Alex Bores, a Democratic state assemblymember from Manhattan's west side, wrote one of the first US state laws requiring major AI developers to publish public safety plans. Now a coordinated AI-industry donor network has spent roughly $8.2 million to defeat him in Tuesday's NY-12 Democratic primary. It is the largest single-race concentration of AI-sector campaign spending in the 2026 cycle, and a test of whether a newly organized industry can buy its first legislative correction at the state level.
Bores sponsored the Raise Act, which requires large AI labs to publish detailed safety protocols. The Guardian reports it is the second such state law in the country. It passed roughly a year ago. Within months, a constellation of pro-AI political action committees, anchored by Think Big, an affiliate of the bipartisan network Leading the Future, had identified Bores as the proxy target for a broader argument about whether states or the federal government should set AI rules.
The financial scale is unusual. AI-focused super PACs have raised roughly $100 million in the current midterm cycle, with about $44 million already spent across dozens of congressional races. Nearly half of that outlay has converged on a single Democratic primary in New York's 12th Congressional District, which spans lower Manhattan and parts of Brooklyn. The money is highly concentrated: four donors have contributed roughly $75 million to the broader network, according to Federal Election Commission filings as reported by The Guardian.
The industry frames the fight as a federalism question. The publicly stated position of Leading the Future and its affiliates is that AI policy should be set federally, not through a patchwork of state laws. Critics read the spending differently. Brad Carson, identified by The Guardian as a co-founder of Public First, a pro-safety advocacy group, said the campaign amounted to a message: "regulate AI, and we will find you." A New York Times op-ed characterized the anti-Bores blitz as the industry moving "too aggressively" against a single state legislator. The Guardian's framing of an "AI civil war" captures the rhetorical temperature. The mechanism underneath is campaign finance.
A counter-coalition is also spending. Public First, alongside groups called Jobs and Democracy and You Can Push Back, have raised their own sums to defend Bores and to argue that coordinated pressure is itself the story. Their claim: this is the first cycle in which a new industry has deployed primary elections as a deterrent against any policymaker who touches AI governance. If Bores loses, the message travels. If he wins, the industry recalibrates.
That structural reading is what makes the race more than a local contest. The Raise Act does not ban AI development, levy new taxes, or impose the headline-grabbing restrictions that have defined earlier tech regulation fights. It requires transparency. The fact that transparency alone drew roughly $8 million in attack spending against the bill's author suggests the industry treats disclosure as a category of regulation worth killing at the source.

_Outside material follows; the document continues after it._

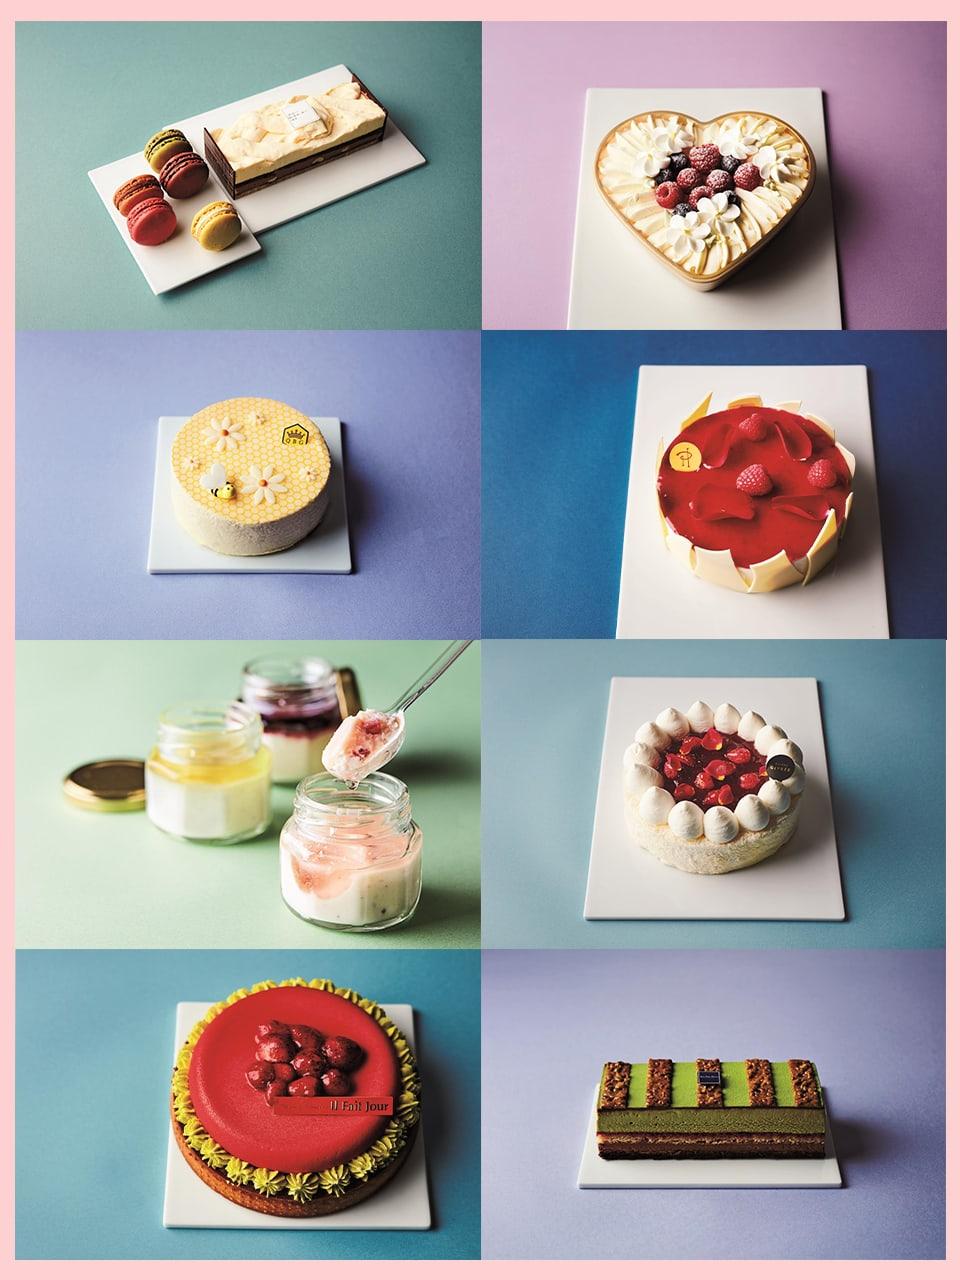 「伊勢丹新宿店」が期間限定で冷凍ケーキを販売。生菓子のような圧巻のクオリティ
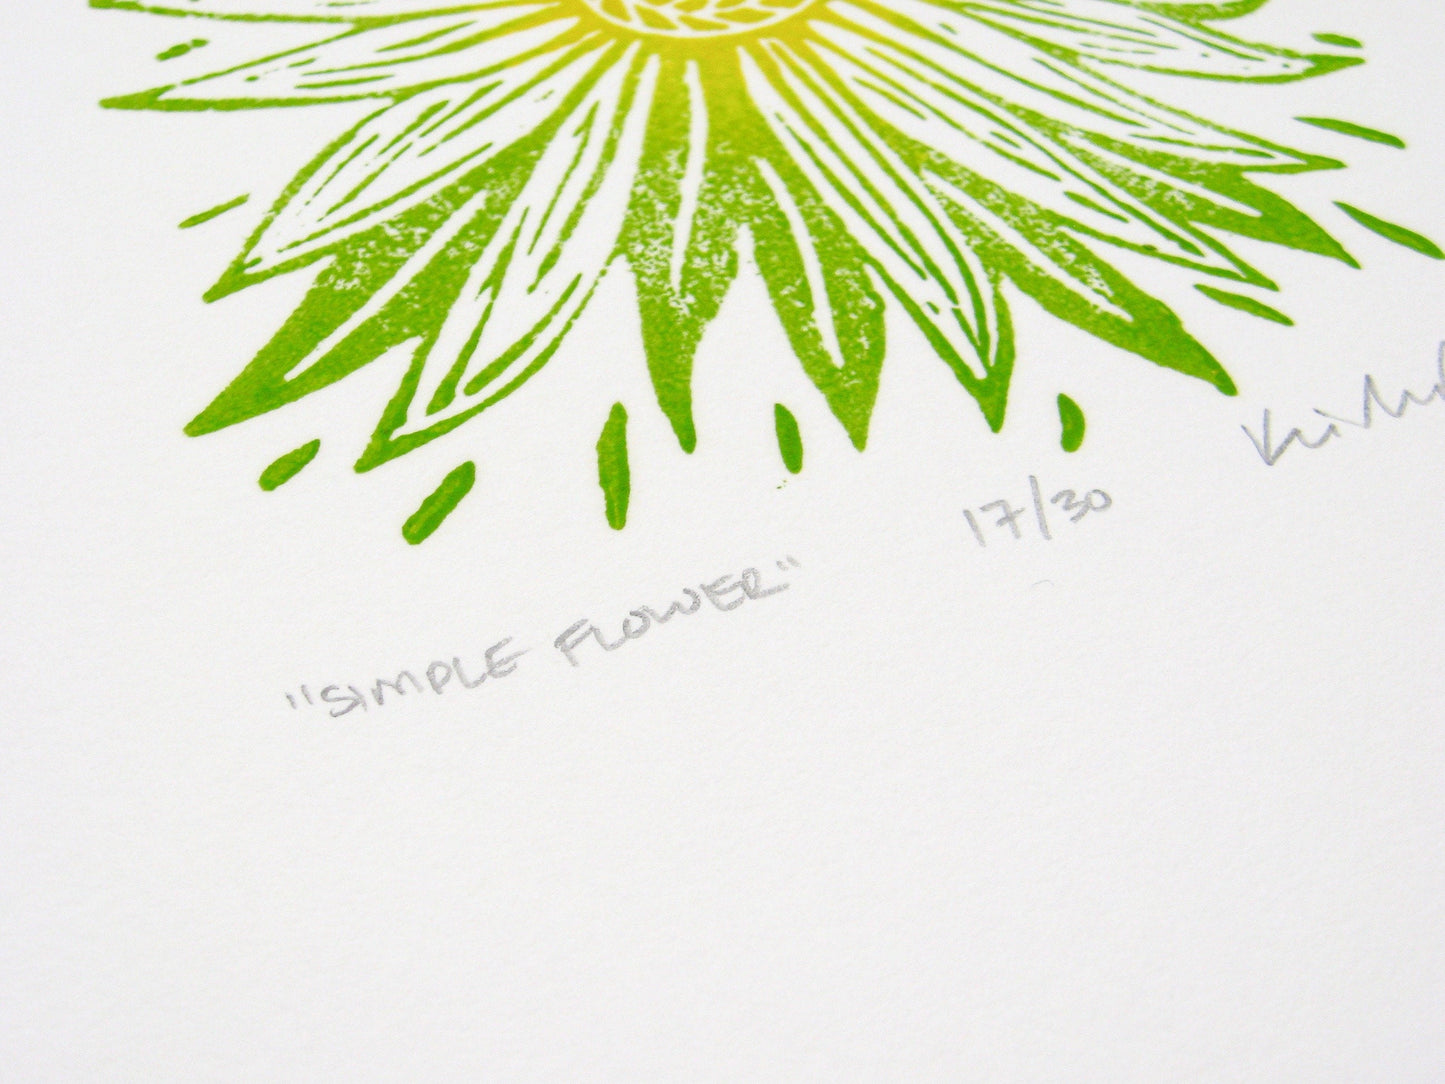 Simple Flower - woodblock print (8x8")

The risk for both sides is precedent. For the AI industry, spending at this scale to defeat a single state legislator sets a template: identify the lawmaker, identify the primary, outspend the local race. For pro-governance advocates, the same template works in reverse, but it requires matching the industry's fundraising speed, something most state-level coalitions have never had to do. The result, win or lose on Tuesday, will be read as a signal by every state legislator weighing a similar bill in 2027 and beyond.
The primary is Tuesday. New York's 12th District has not historically been a national bellwether. This year it is, by default, the first move in what both sides expect to be a longer fight.